Amplicon sequencing methods, in contrast, perform a larger number of PCR cycles on the input DNA to amplify the regions of interest and simultaneously add an index and/or other necessary adapters. Because so many cycles of PCR are performed, the quantity of input DNA required for amplicon sequencing is lower (typically on the 10-ng scale) than that required for target capture (closer to 100-ng scale). The amplification-based approach is also faster, because hybridization is typically an overnight process. However, the larger number of PCR cycles in amplicon sequencing has the potential to introduce polymerase errors and PCR bias, which can obscure copy number variants and assessment of variant allele fractions. For large capture spaces consisting of many exons, it can also be unwieldy to multiplex the large number of PCR reactions needed for amplicon sequencing. Thus, although both methods of target enrichment have a role, amplicon sequencing is better suited to smaller assays on smaller amounts of DNA, whereas target capture is better suited to larger capture spaces and when more input DNA is available.

Third-generation NGS platforms are those that obtain sequence from specimens closely resembling native DNA, that is, with minimal need for target amplification and library preparation. Third-generation NGS is predominantly a single-molecule approach with extremely long read lengths (>10,000 nt), reducing the need for assembly of short reads and improving the ability to discern the phase of detected variants. The major vendors in this area today are Pacific Biosciences (Menlo Park, CA) and Oxford Nanopore Technologies (Oxford, UK).

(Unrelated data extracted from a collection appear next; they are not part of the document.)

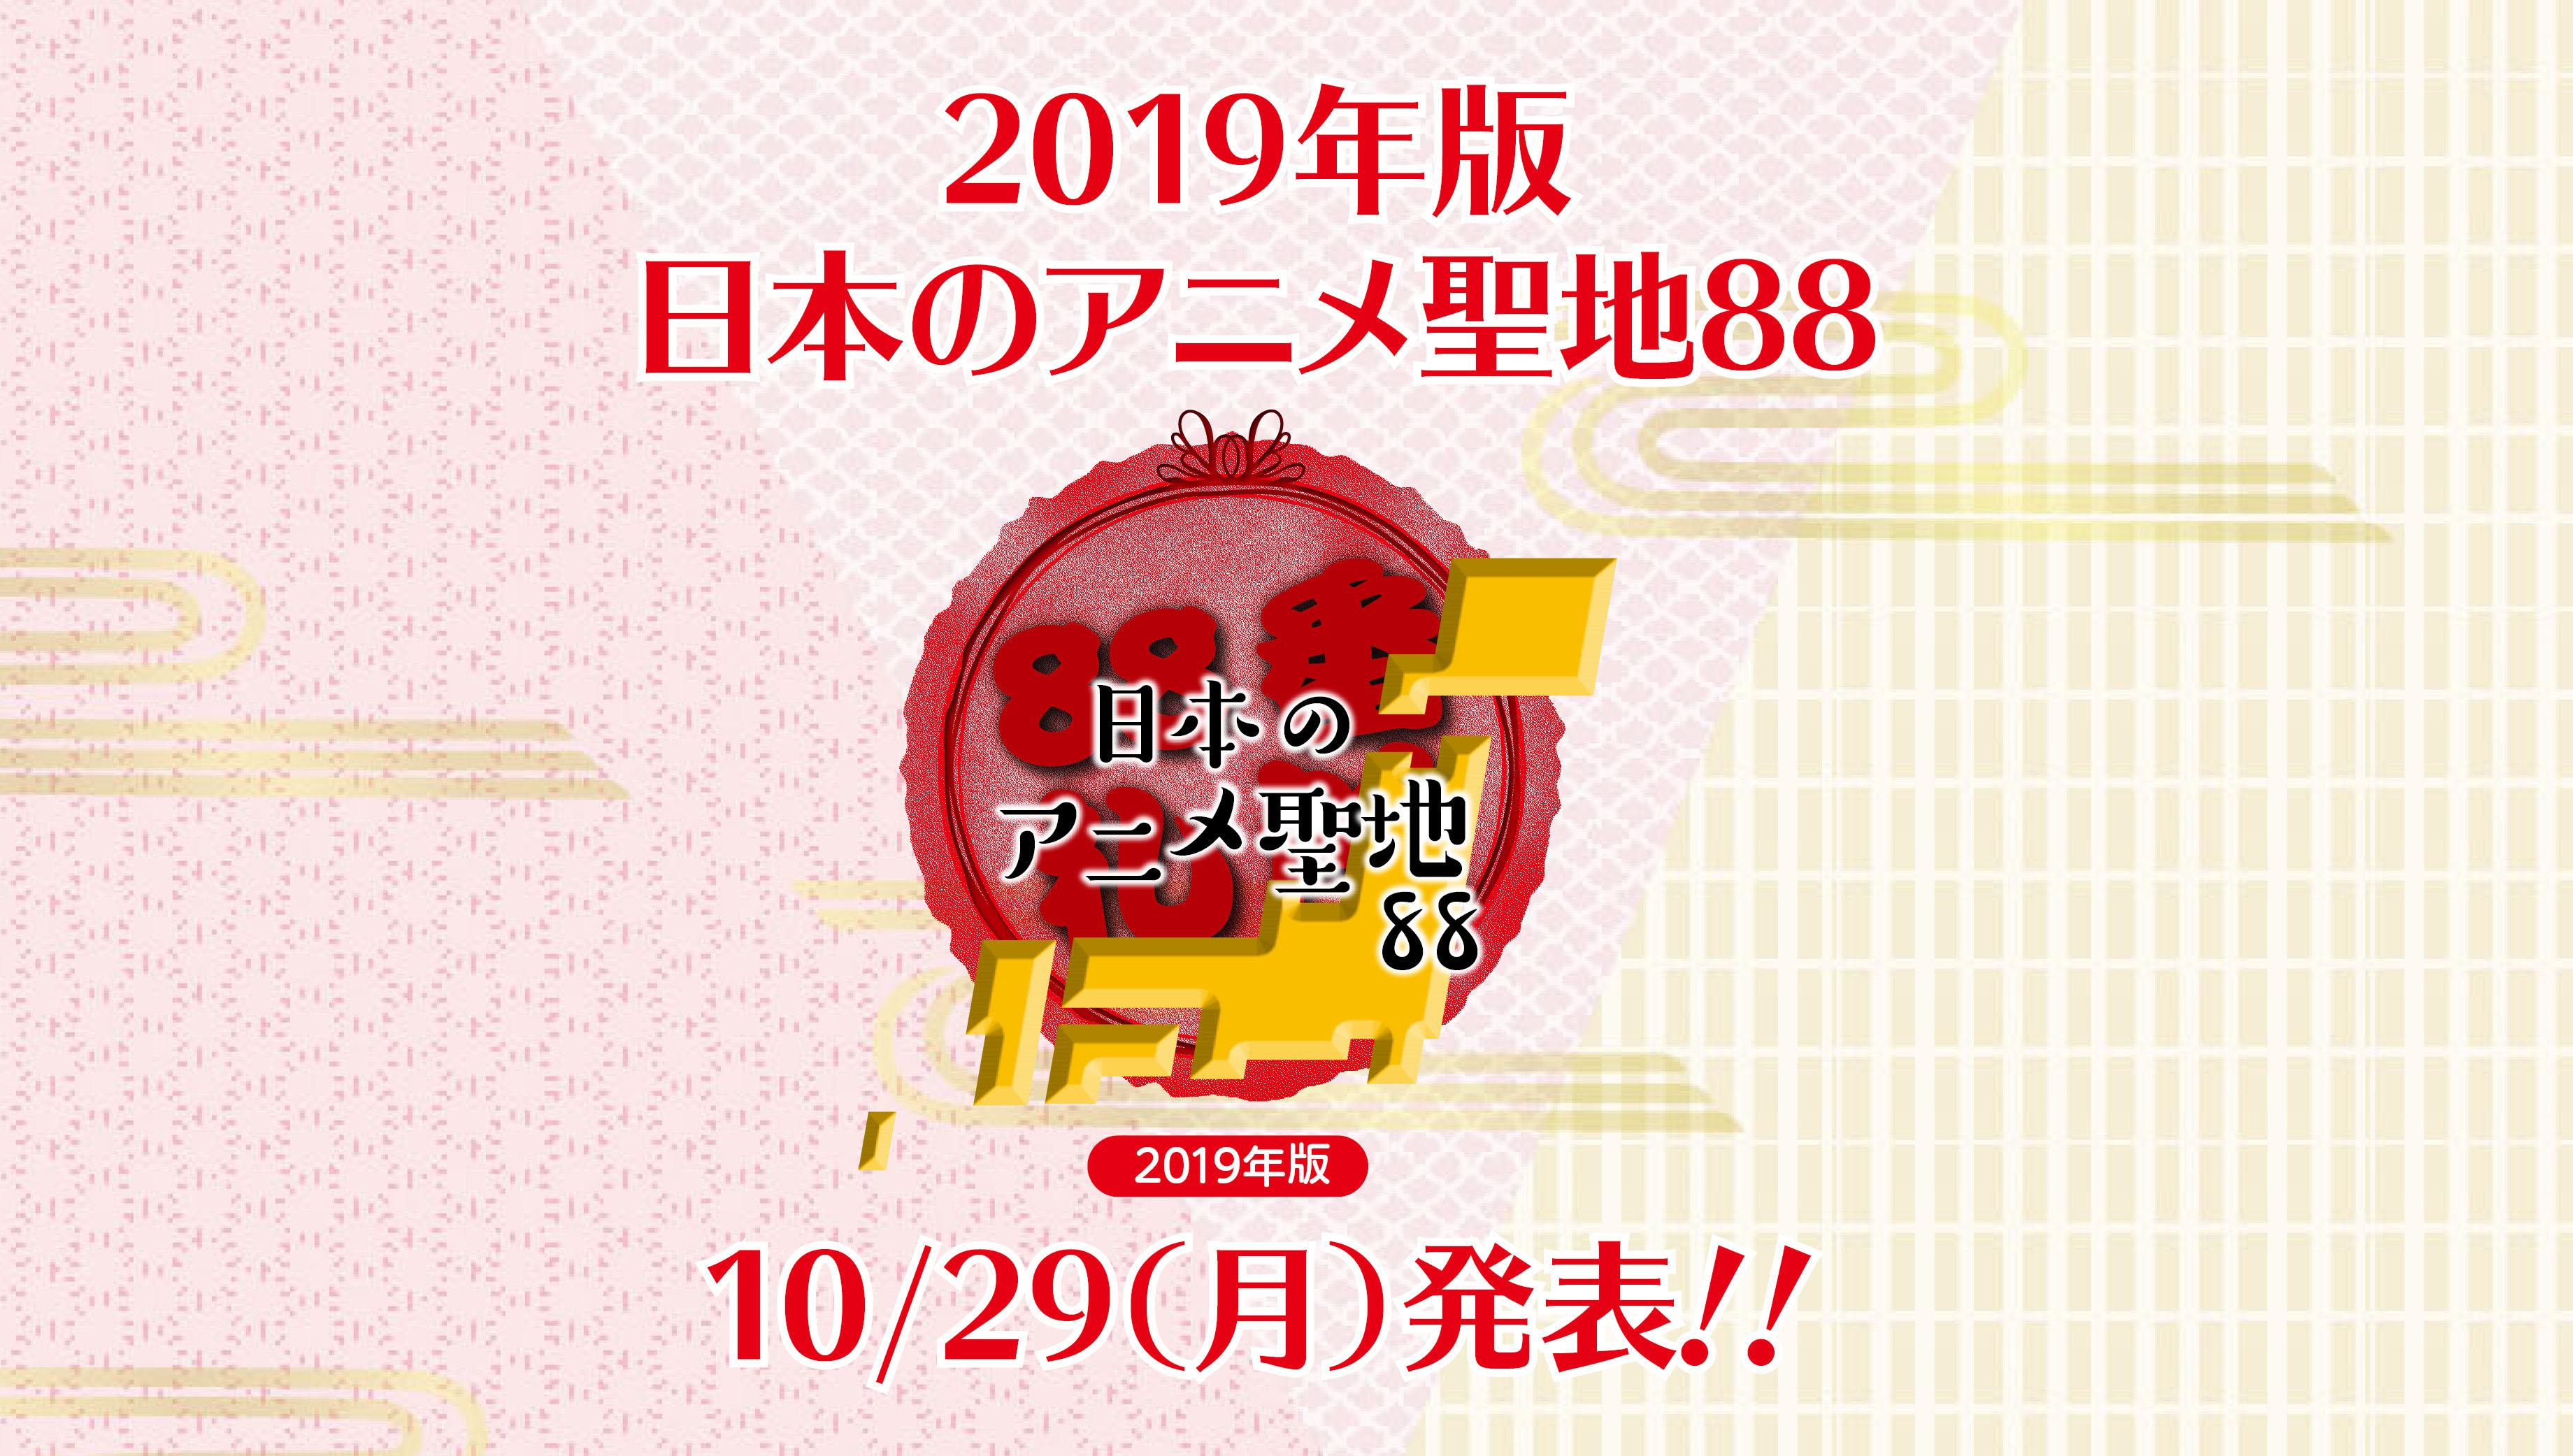 2019年版「訪れてみたい日本のアニメ聖地88」発表会まもなく開催!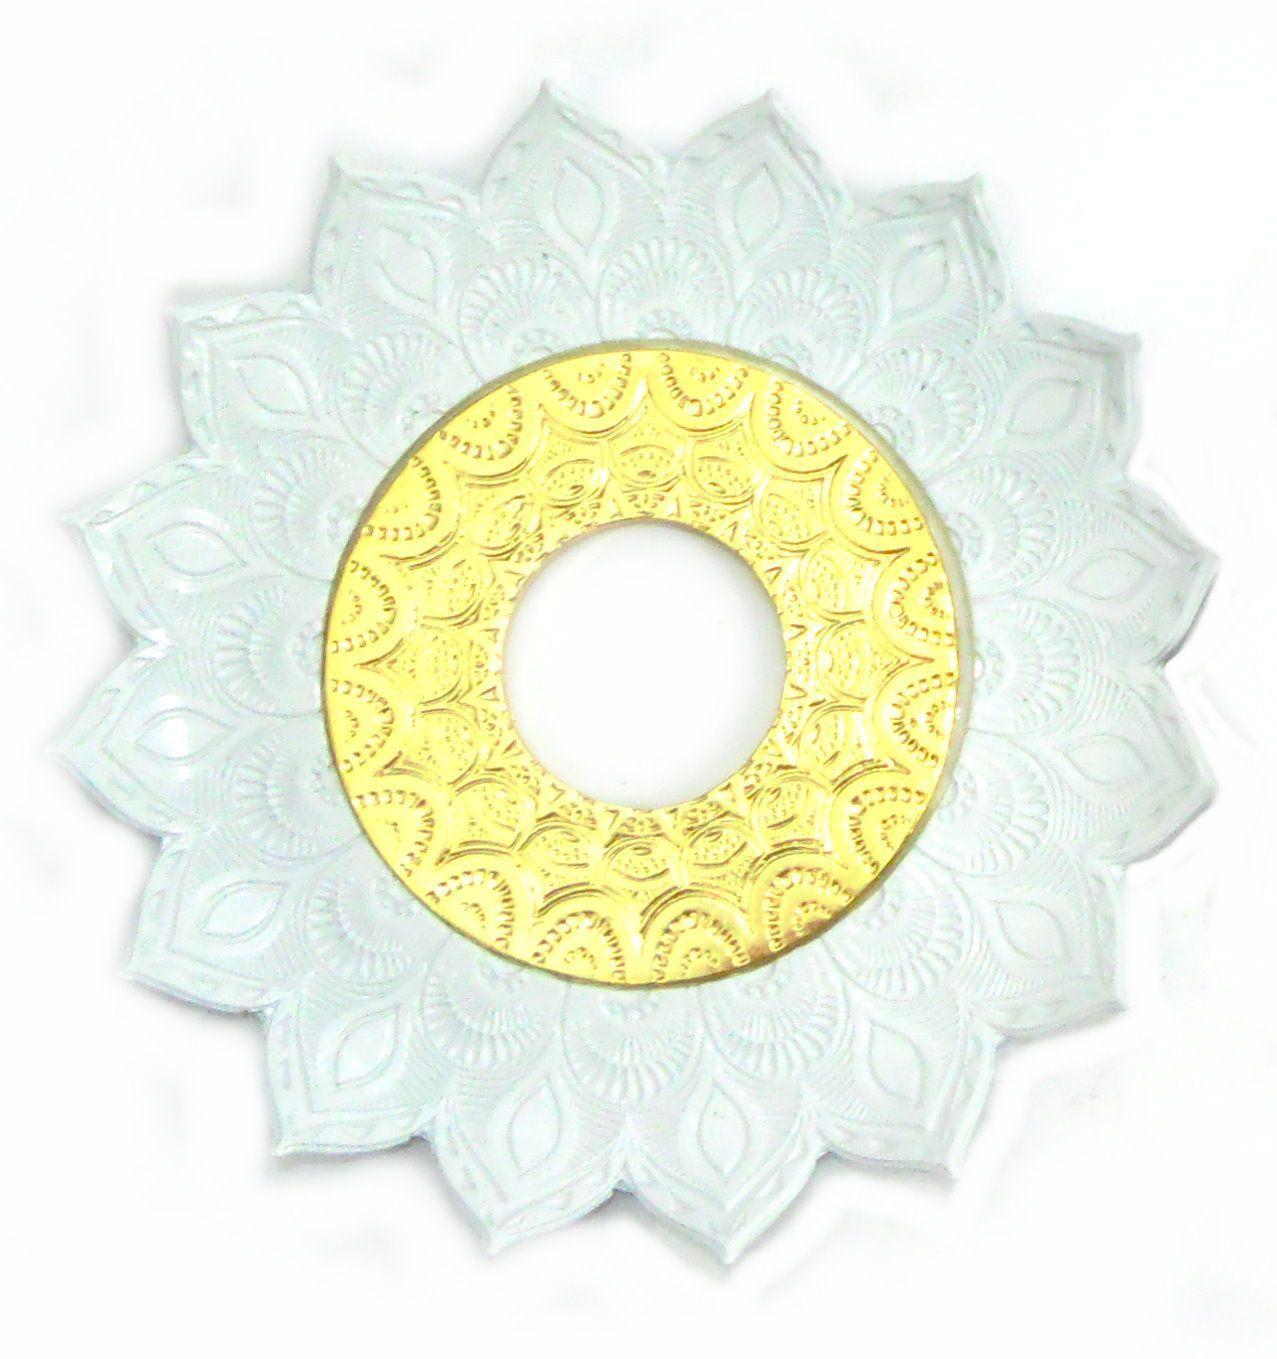 Prato para narguile mod. Artemis 17cm diâm. Em liga metálica inox e decorado. BRANCO centro Dourado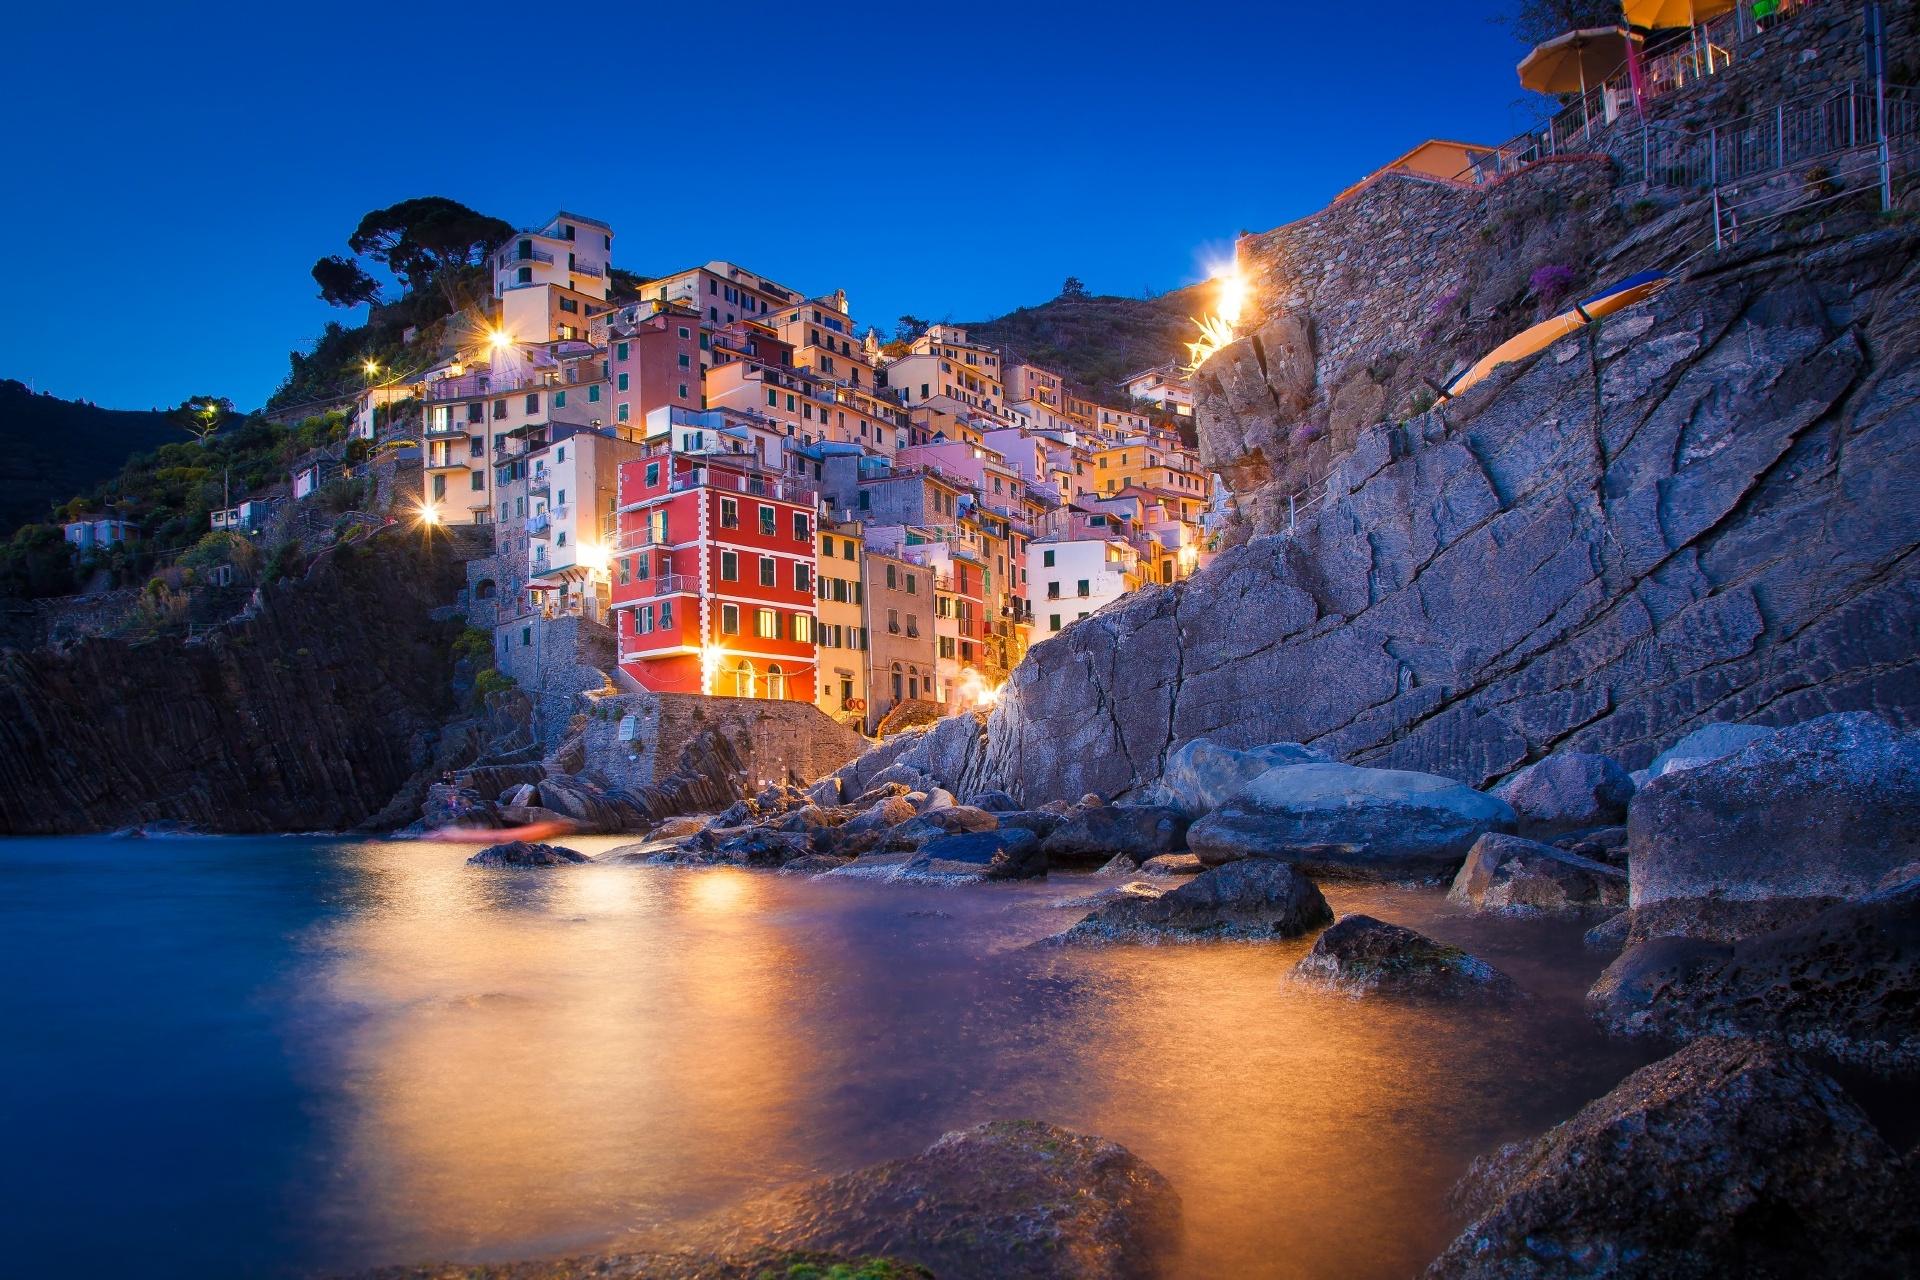 チンクエ・テッレ 夜のリオマッジョーレの風景 イタリアの風景

The Pacific Biosciences approach is to perform sequencing on the surface of a single-molecule real time (SMRT) cell patterned with 150,000 wells each containing a zero-mode waveguide (ZMW). These ZMWs serve to immobilize a single template molecule and make it possible to interrogate light emission from that one molecule. As extension is carried out, fluorescent reports from each ZMW indicate the nucleotide that has been added at that position.

Oxford Nanopore sequencers contain engineered bacterial nanopores through which a molecule of DNA is fed. The electrical resistance of the pore varies in proportion to the identity of the nucleotide passing through the pore, allowing the sequence to be read off. Although multiple formats have been developed, one of them is a portable, self-contained, disposable MinION that plugs into the universal serial bus (USB) port of a personal computer.

Third-generation technologies are at an early stage of development and have not been validated for clinical use, but will undoubtedly play an important role in future diagnostics.

The methods presented earlier have focused on DNA sequencing. Variants of these methods have been developed to allow the detection of other analytes related to nucleic acids, including RNA sequence, epigenetic changes such as DNA methylation, and DNA–protein interactions. These methods have not yet found widespread clinical applications.